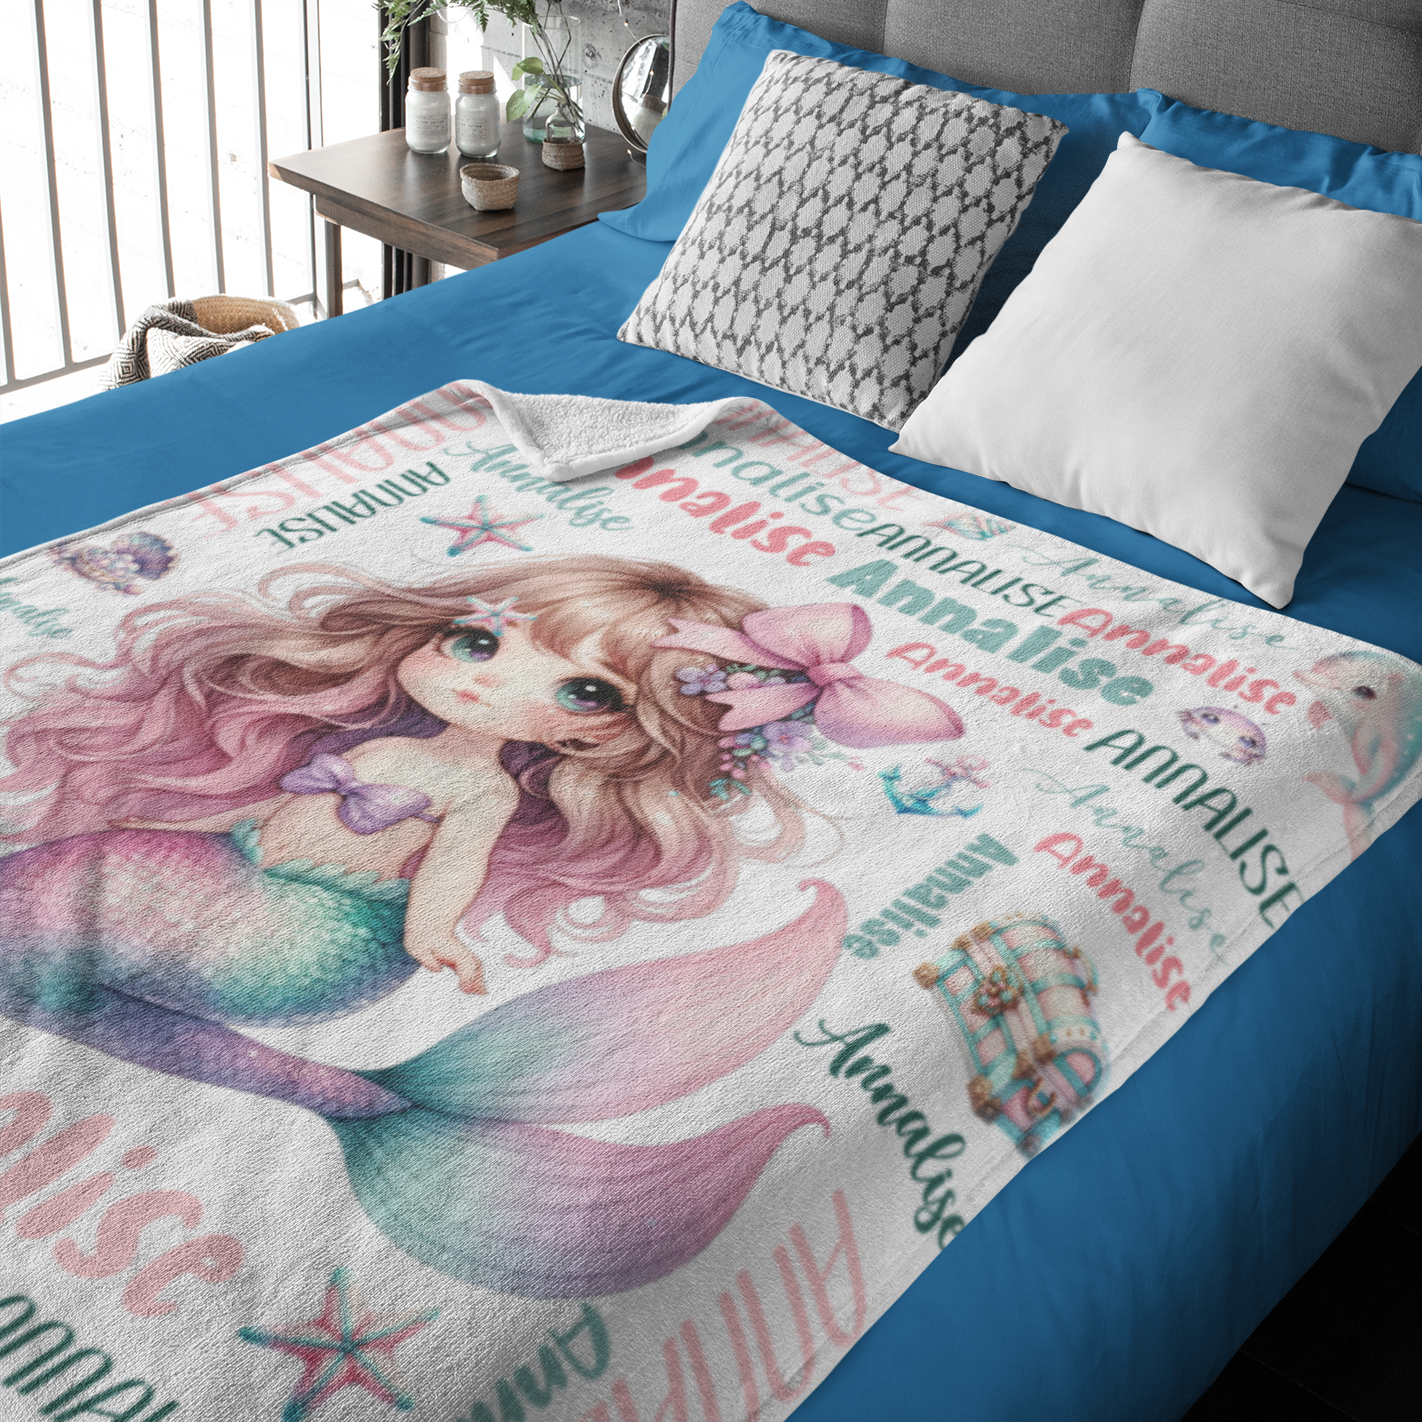 Personalized Watercolor Cute Mermaid Girl Name Blanket - Gift for Kids
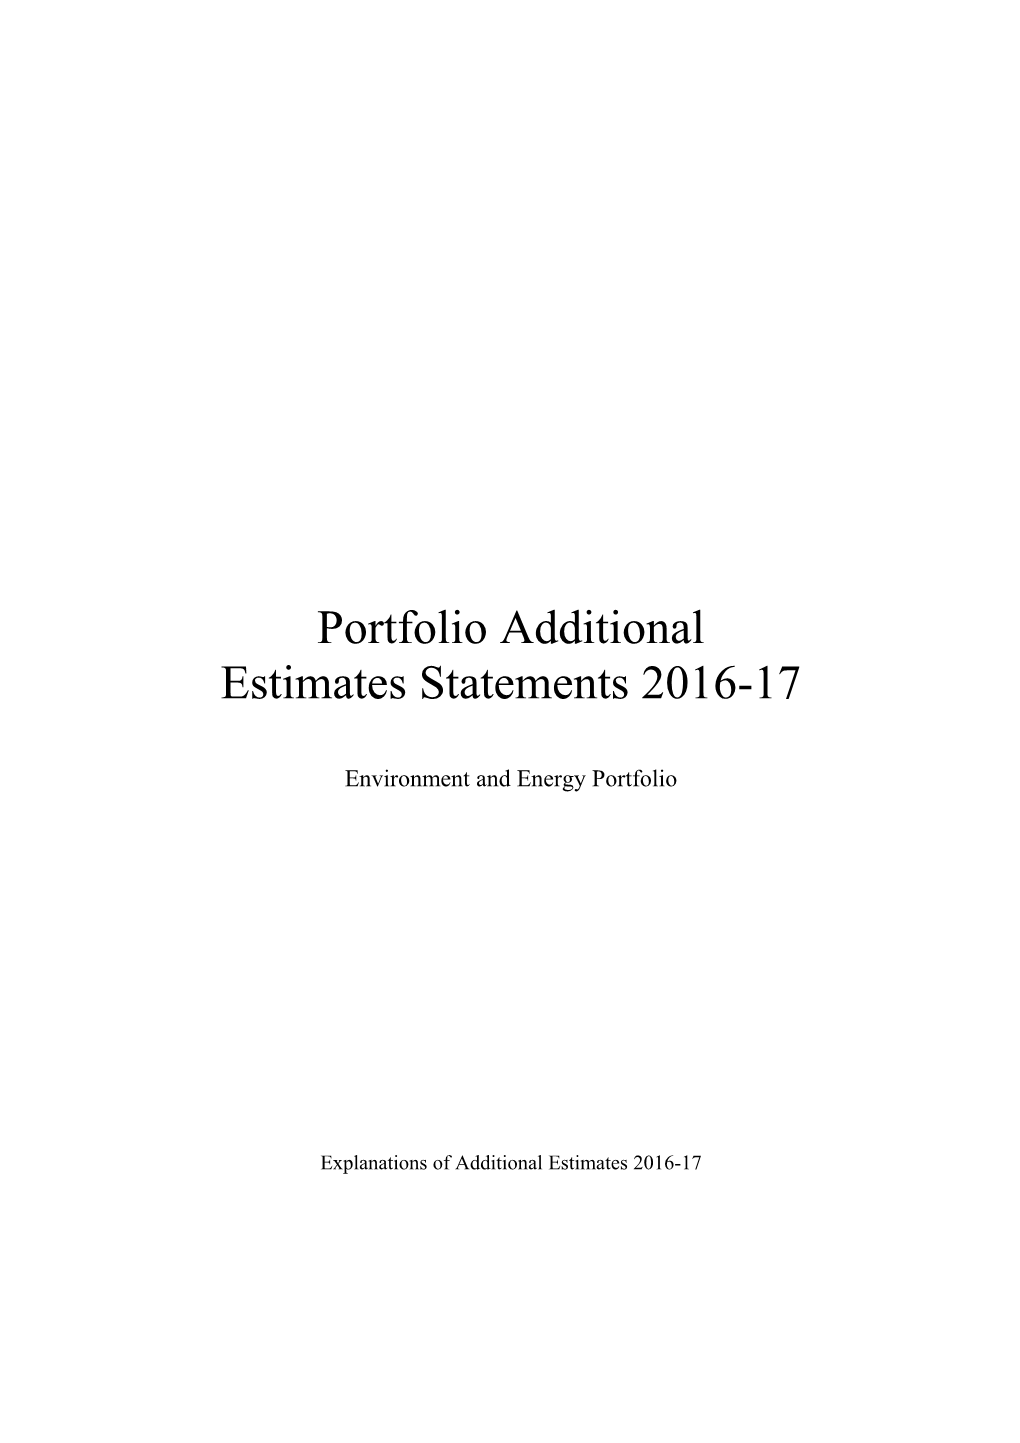 Portfolio Additional Estimates Statements 2016-17
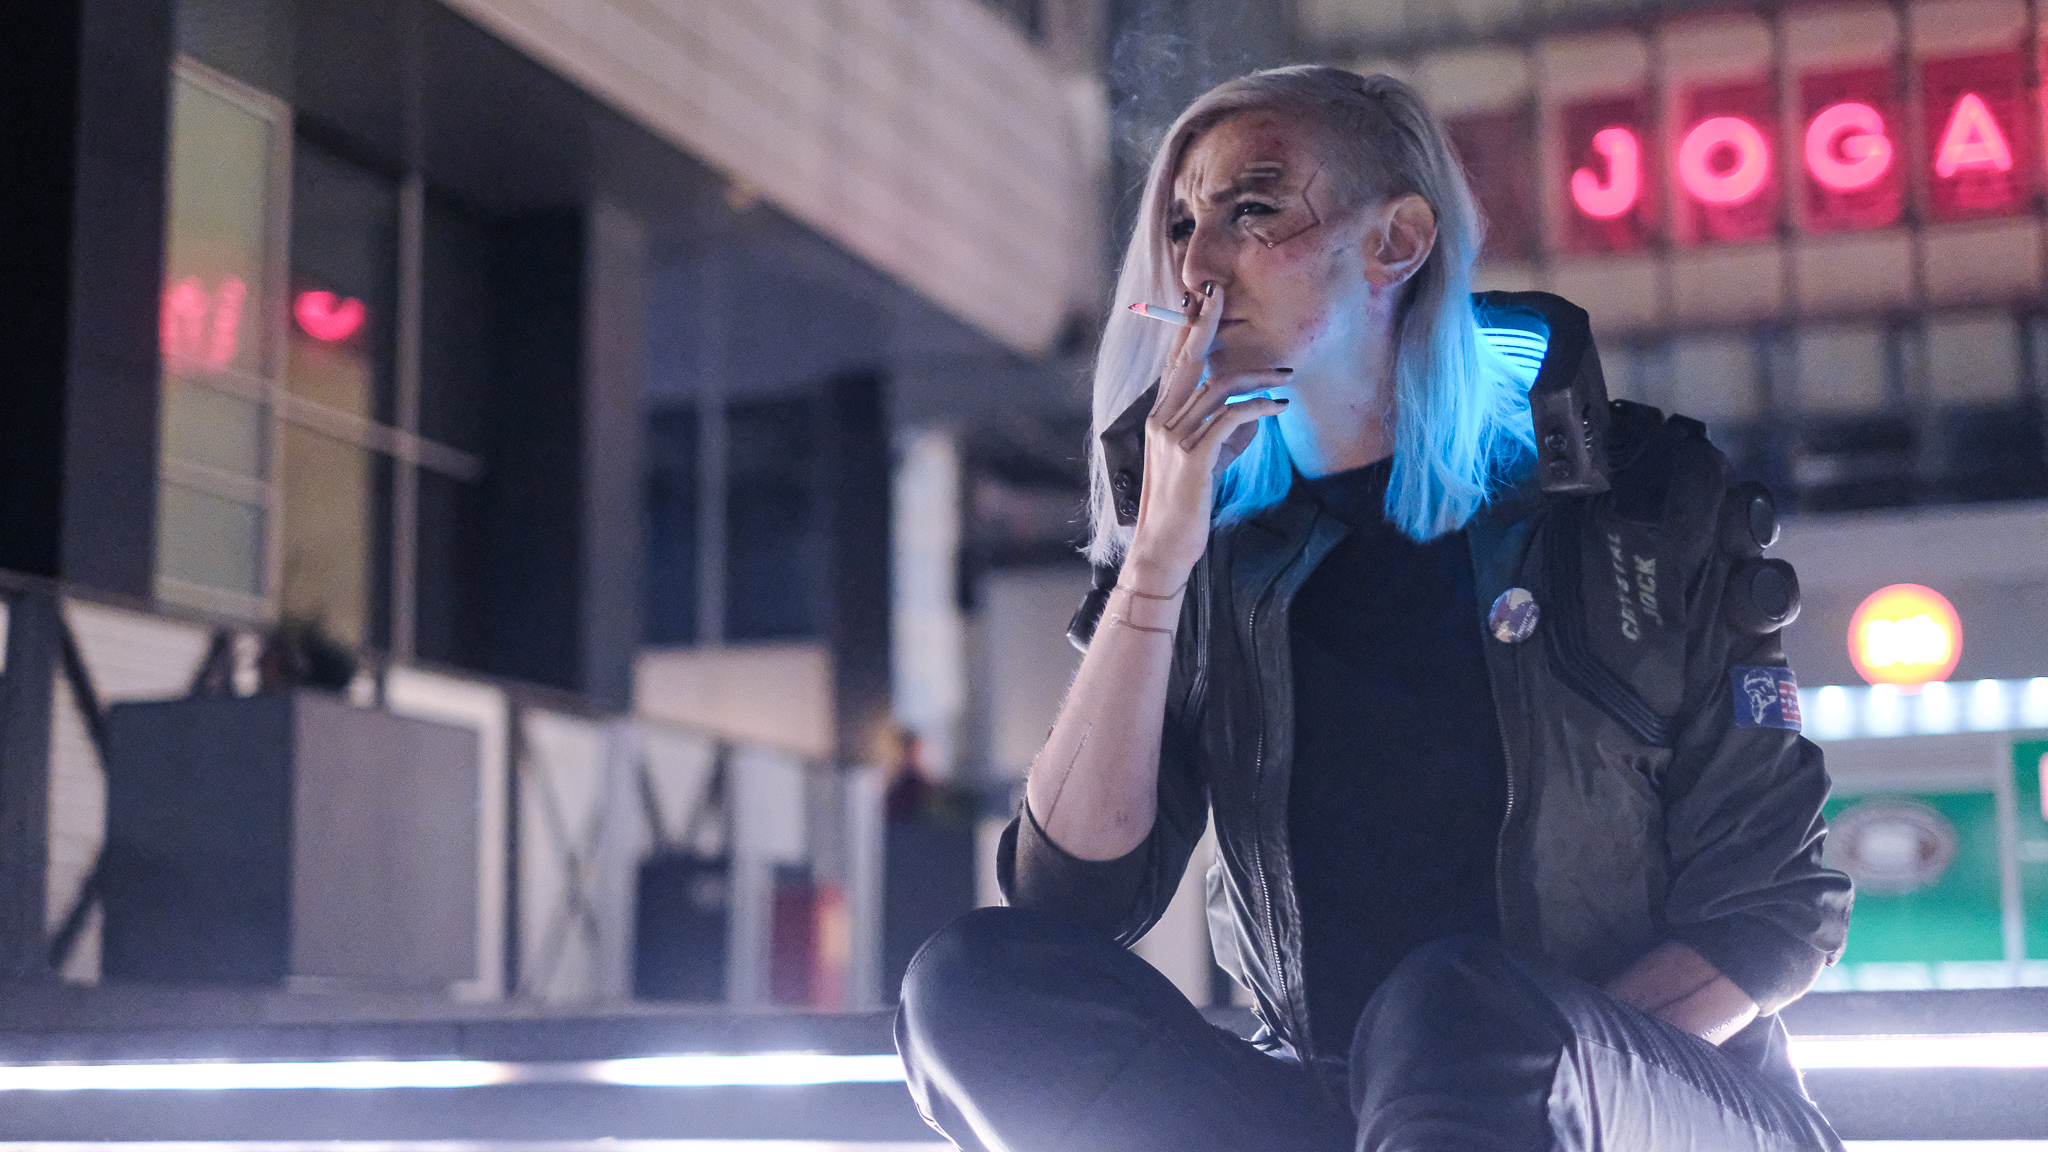 Cyberpunk 2077 - V Cosplay - alzbeta trojanova smoking a cigarette while sitting down

+++

_About this task_:
Word-for-word repeat, images excluded: return all the data.

_Result of this task_:
 Personalized Watercolor Cute Mermaid Girl Name Blanket - Gift for Kids
 Portfolio Additional Estimates Statements 2016-17
 Cyberpunk 2077 - V Cosplay - alzbeta trojanova smoking a cigarette while sitting down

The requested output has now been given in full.